In the calculation process, the transverse velocity and the axial velocity of the axial node are calculated and transplanted to the GPU for solving. The implementation mode is as follows:

(1) transmitting the gap information and the subchannel information contained in the axial layer j to an equipment memory from a CPU memory;

Meanwhile, as an optimization technology, a function for solving the transverse speed and the axial speed in the GPU function is decomposed into two functions, and two threads of OpenMP are added to simultaneously solve the axial speed and the transverse speed of the axial layer. The pseudo code is as follows:

in addition, the solution of the pressure coefficient matrix generally needs to call an existing mathematical solution library (such as PETSc), and the optimization of the part takes into account that the solution library functions called in the calculation process are transplanted to the GPU, and then the GPU optimization for solving the pressure coefficient matrix is achieved by calling the solution library transplanted to the GPU.

The parallel solving flow of each solving domain after the optimization is completed is shown in fig. 5.

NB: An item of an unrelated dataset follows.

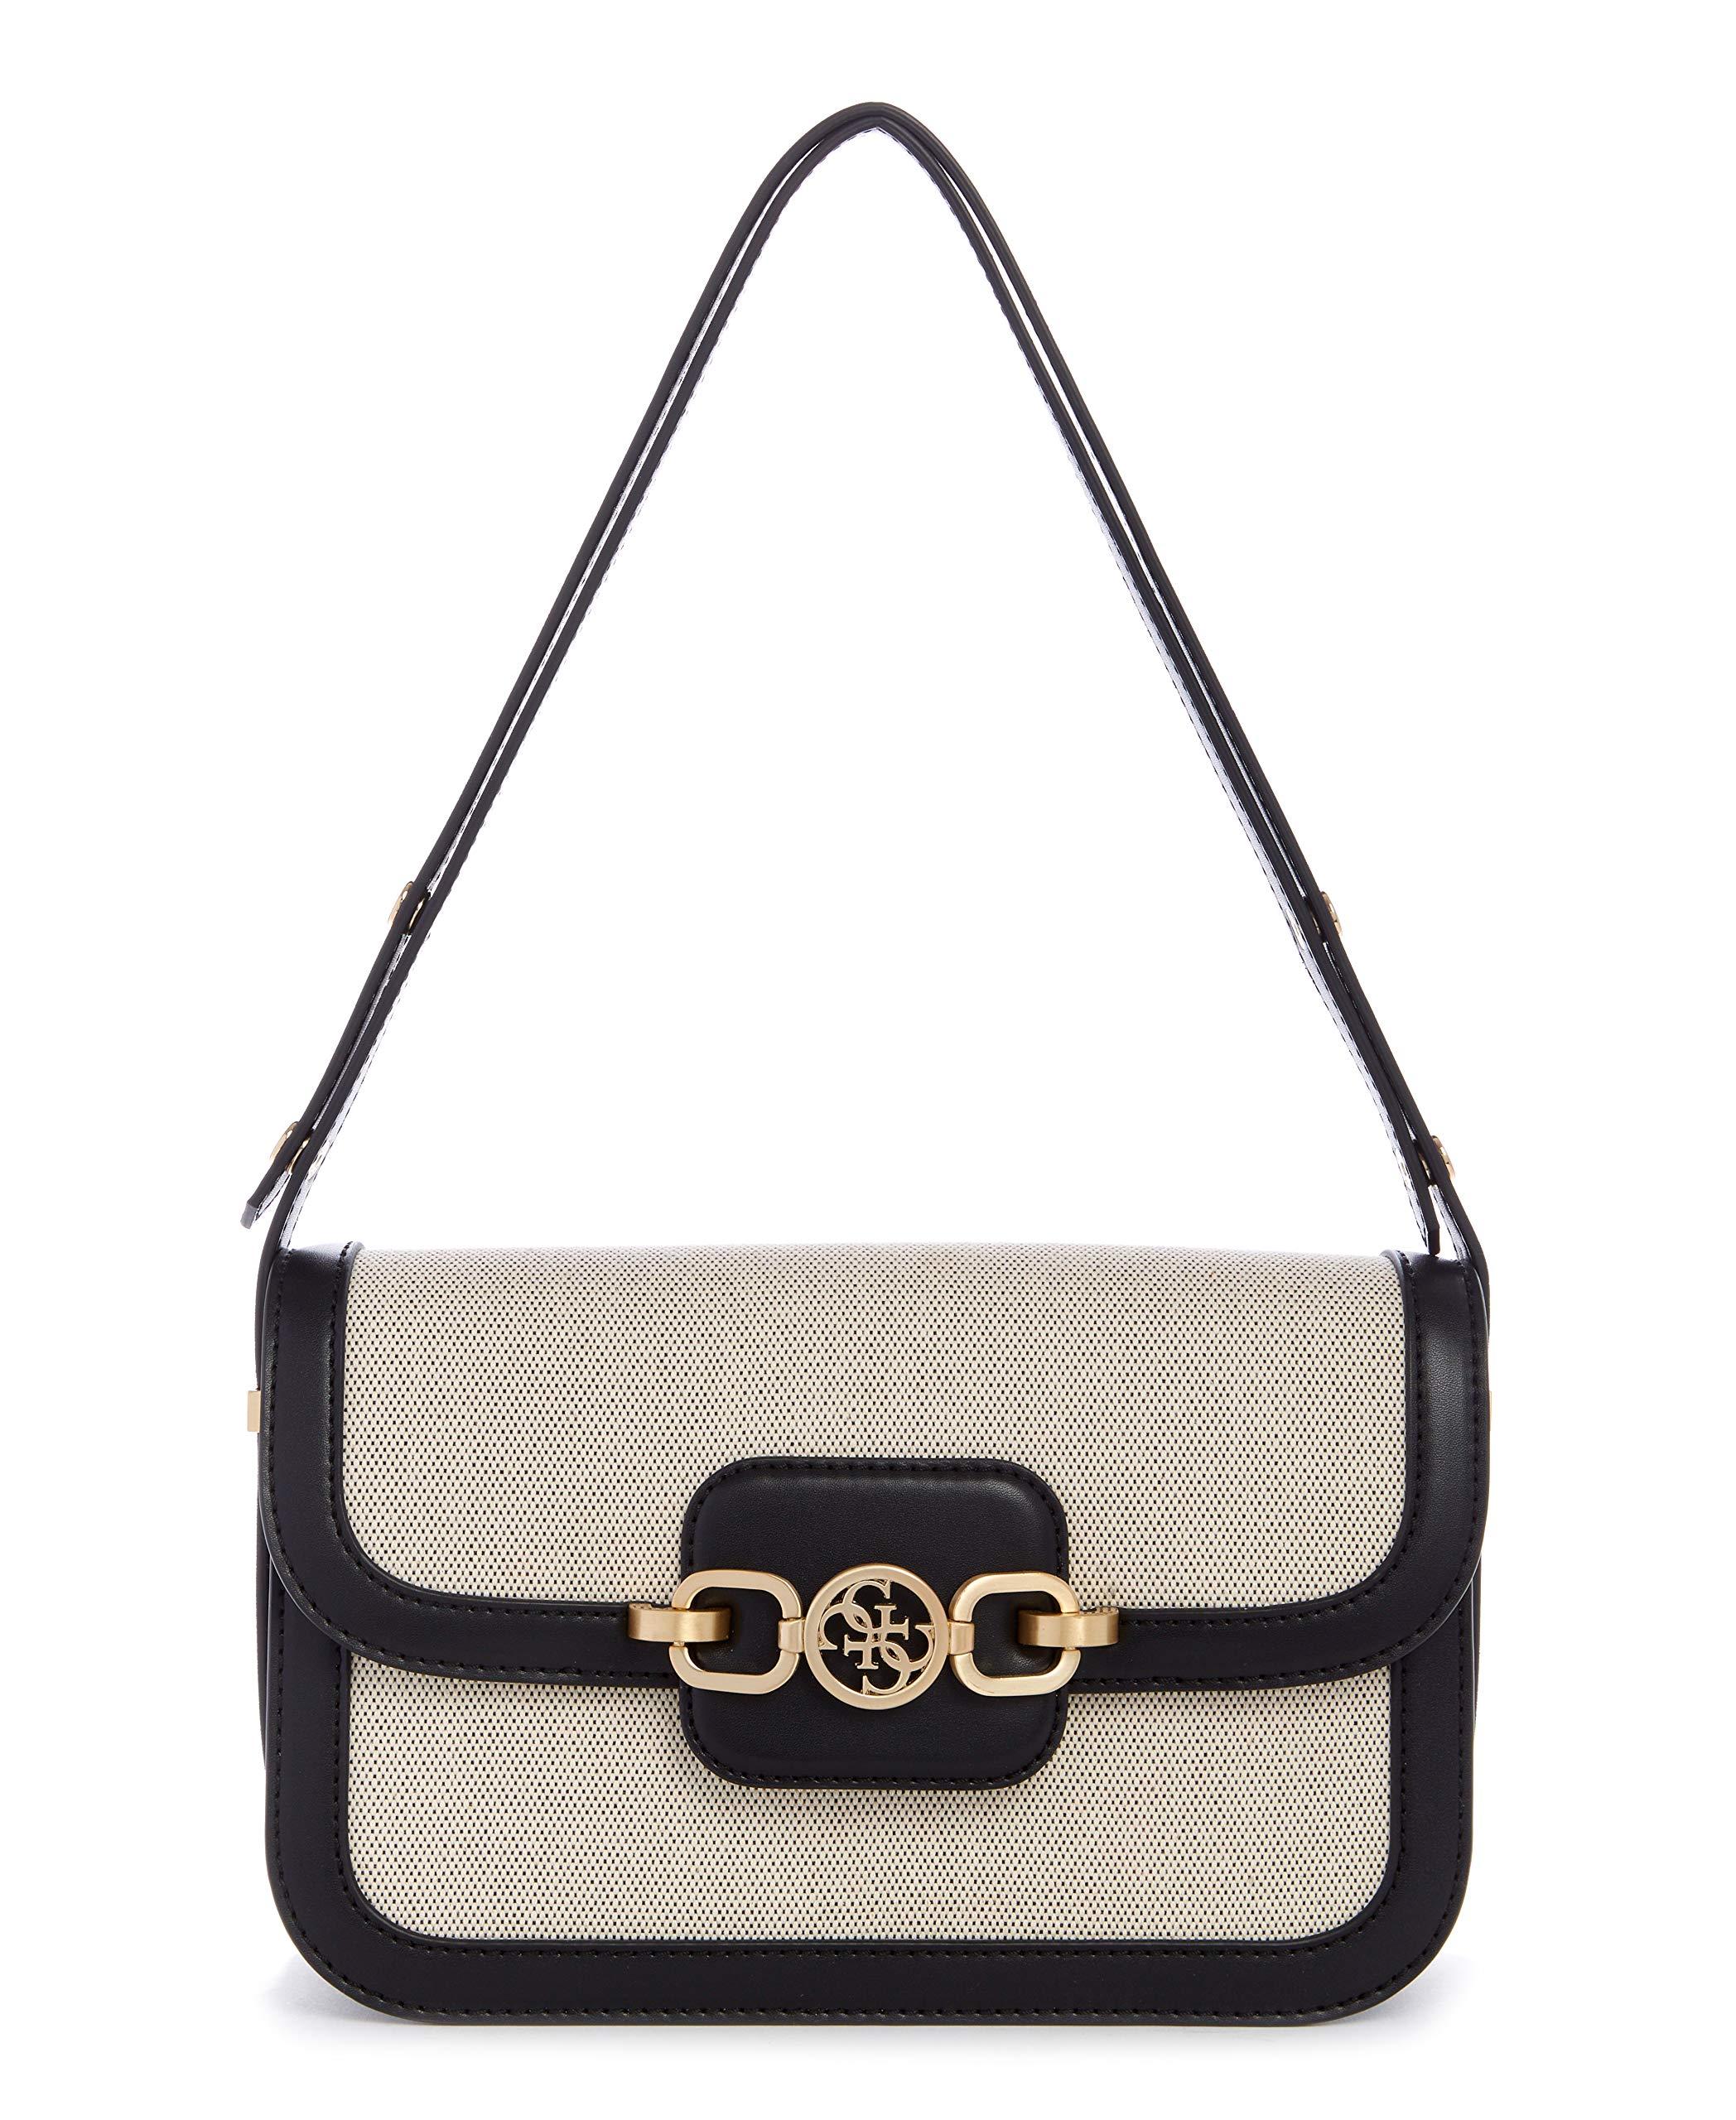 Guess Hensely Canvas Convertible Shoulder Bag in Metallic | Lyst

It will be apparent to those skilled in the art that various changes and modifications may be made in the present invention without departing from the spirit and scope of the invention. Thus, if such modifications and variations of the present invention fall within the scope of the claims of the present invention and their equivalents, the present invention is intended to include such modifications and variations.

Claims

1. A parallel realization and optimization method for numerical reactor thermal hydraulic sub-channel simulation is characterized in that: the method uses the CPU + GPU mixed heterogeneous structure to realize the simulation calculation of the thermal hydraulic subchannel, the part for solving the heat transfer coefficient in the solution solid heat conduction part is transplanted to the GPU to be solved, and the heat transfer coefficient solution process is further parallelized through OpenMP when traversing the subchannel and traversing the axial node; in the establishment and solution part of the momentum equation, the transverse speed and the axial speed of the axial node are calculated and transplanted to a GPU for solution, a function for solving the transverse speed and the axial speed in a GPU function is decomposed into two functions, and two OpenMP threads are added to simultaneously solve the axial speed and the transverse speed of one axial layer;

the implementation manner of transplanting the part for solving the heat transfer coefficient in the solid heat conducting part to the GPU for solving is as follows:

4) transmitting the solved result from the equipment memory to a CPU memory, and performing subsequent program calculation;

the specific method for further parallelizing the heat transfer coefficient solving process through OpenMP is that n threads are used for solving the heat transfer coefficient solving process, the original calculation scale is equally divided into n parts, and each thread bears 1/n of the original calculation amount;

the implementation method for transplanting the transverse speed and the axial speed of the axial node to the GPU for solving is as follows:

(3) transmitting the calculated transverse speed and axial speed from the equipment memory back to the CPU memory;

when the pressure coefficient matrix is solved, solving library functions required to be called in the calculation process are transplanted to the GPU, and then the solving library function transplanted to the GPU is called to realize optimization processing of the pressure coefficient matrix.